▸ Data shown

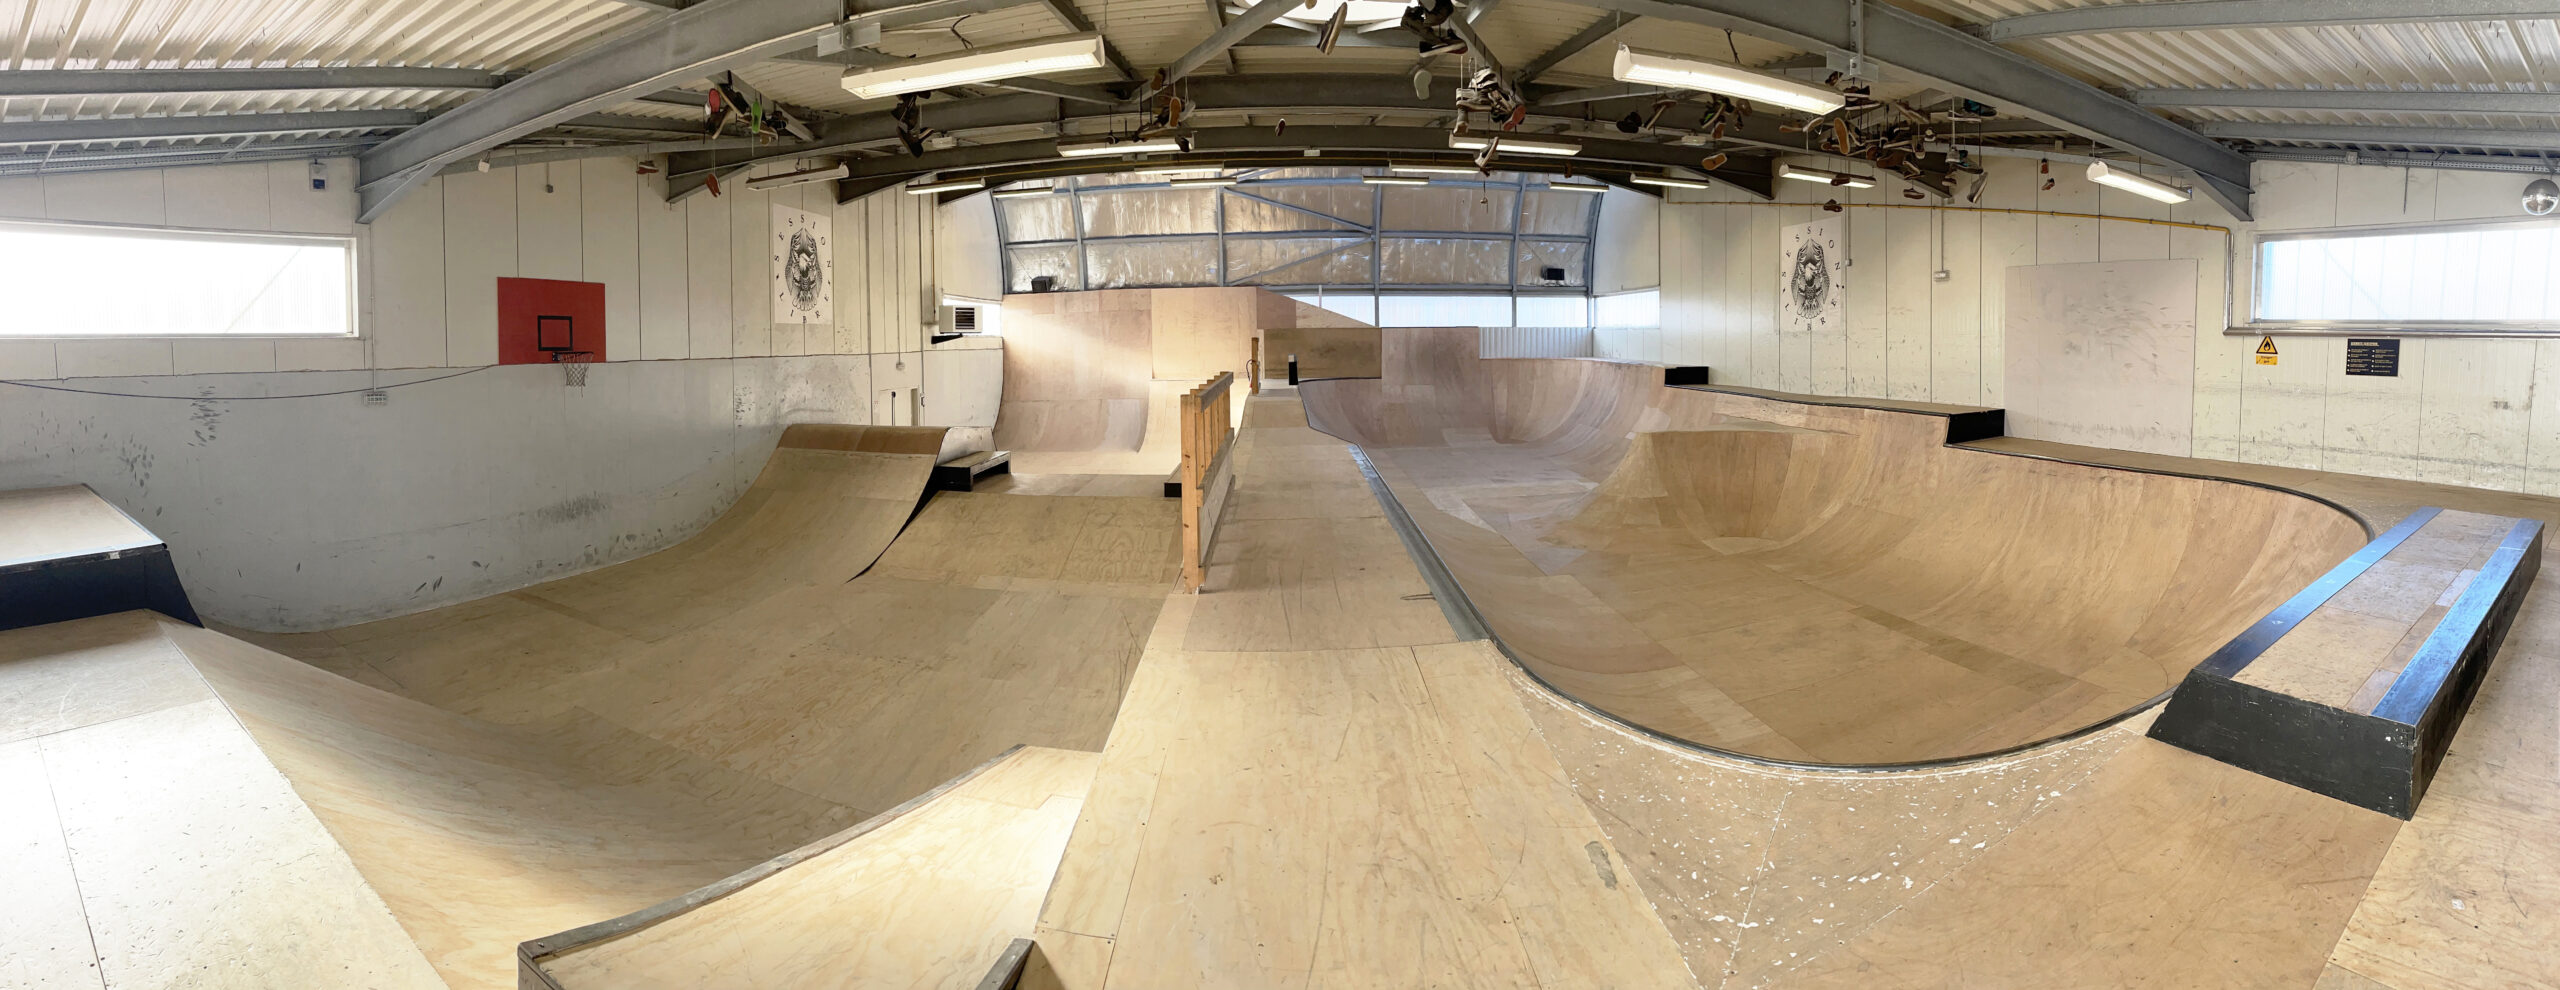 Skatepark indoor
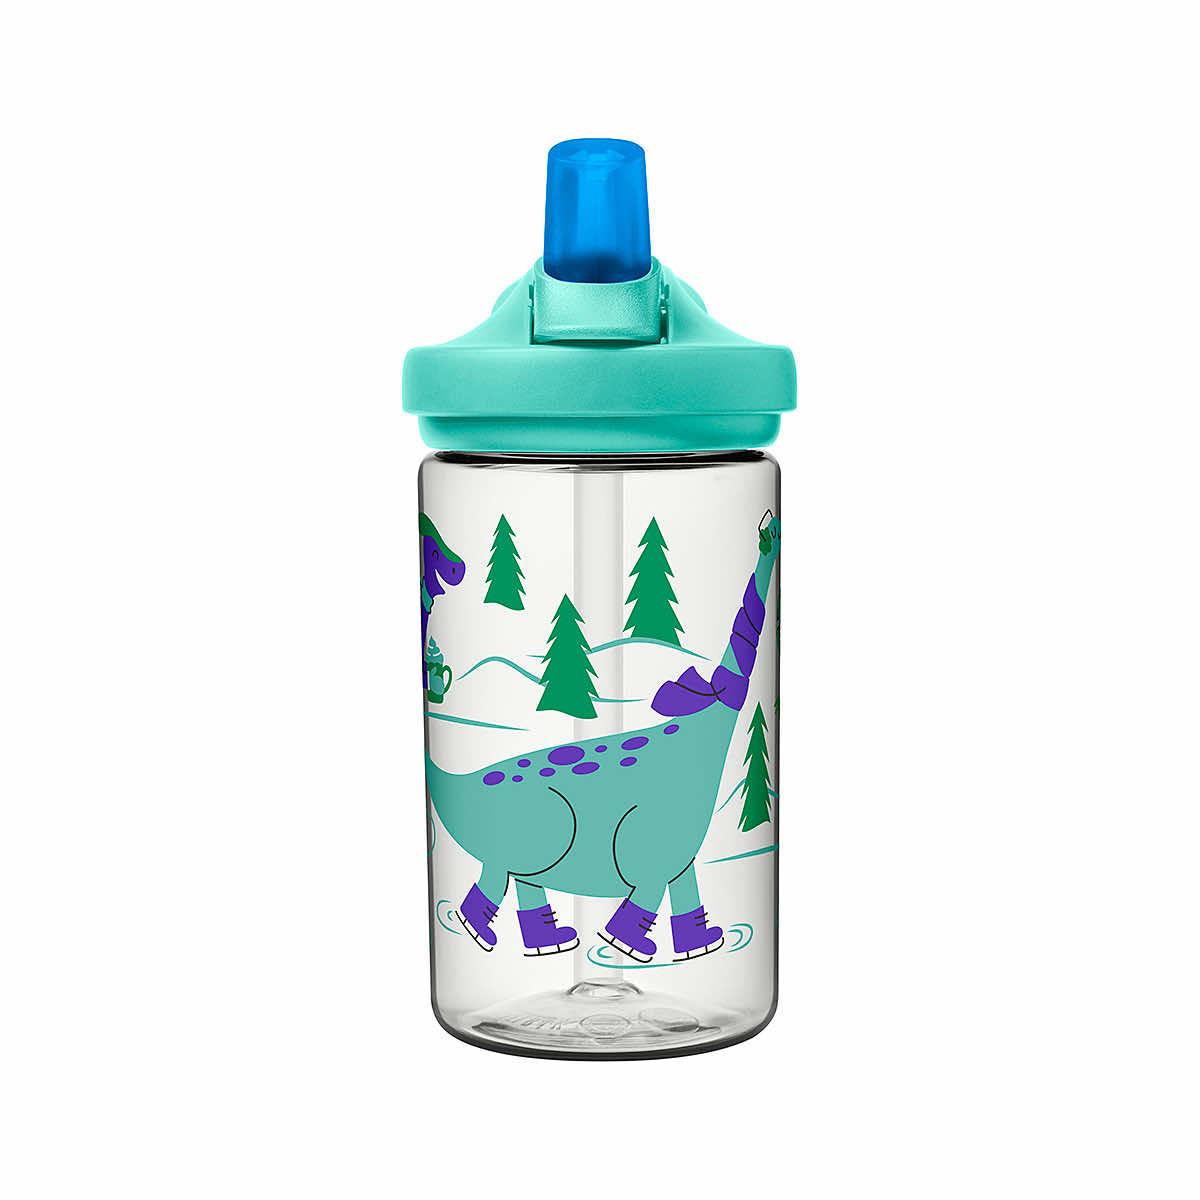 Camelbak Eddy+ Kids' Water Bottle - Hip Dinos, 14 oz - Pay Less
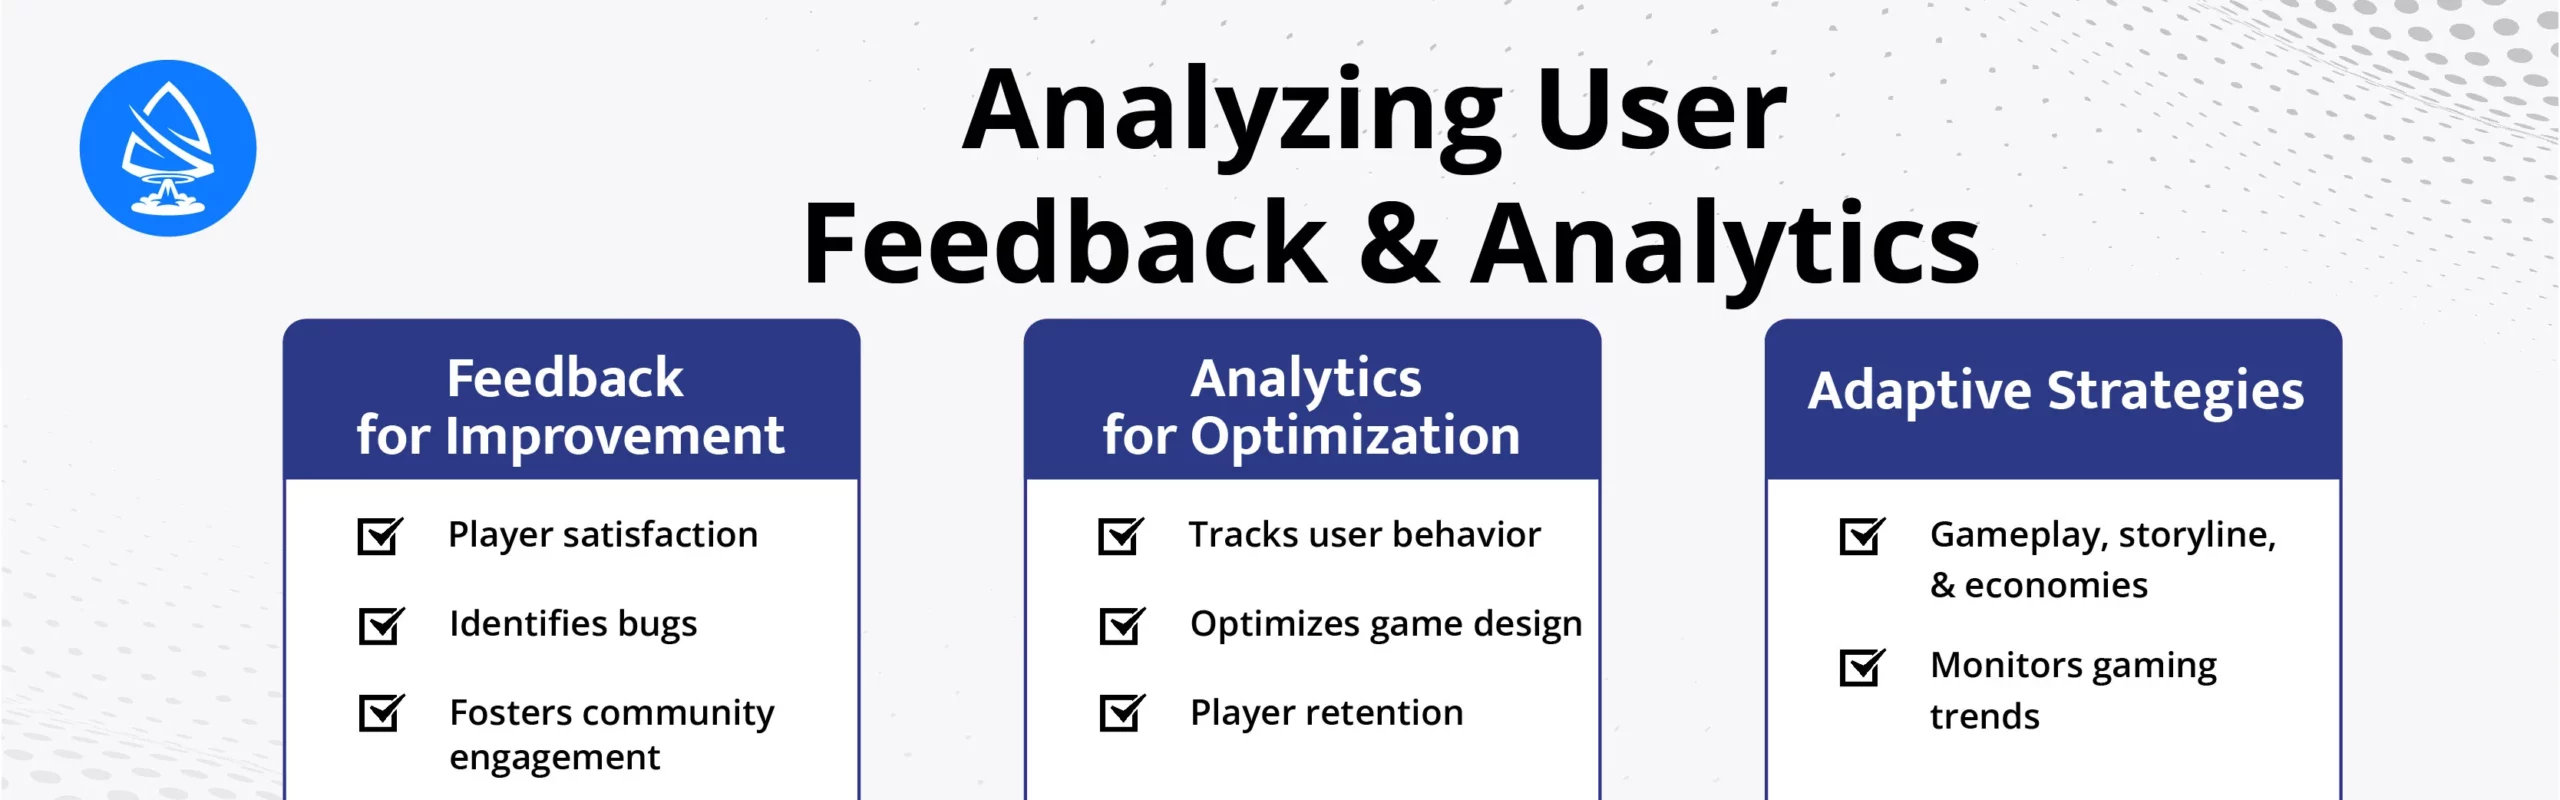 Analyzing User Feedback and Analytics

▸ What the exercise asks
Restate word for word, please, the line containing "Camelbak Eddy+ Kids'" and all lines after it through the end of the material; the pictures do not belong in the copy.

▸ Solution
 Camelbak Eddy+ Kids' Water Bottle - Hip Dinos, 14 oz - Pay Less
 Analyzing User Feedback and Analytics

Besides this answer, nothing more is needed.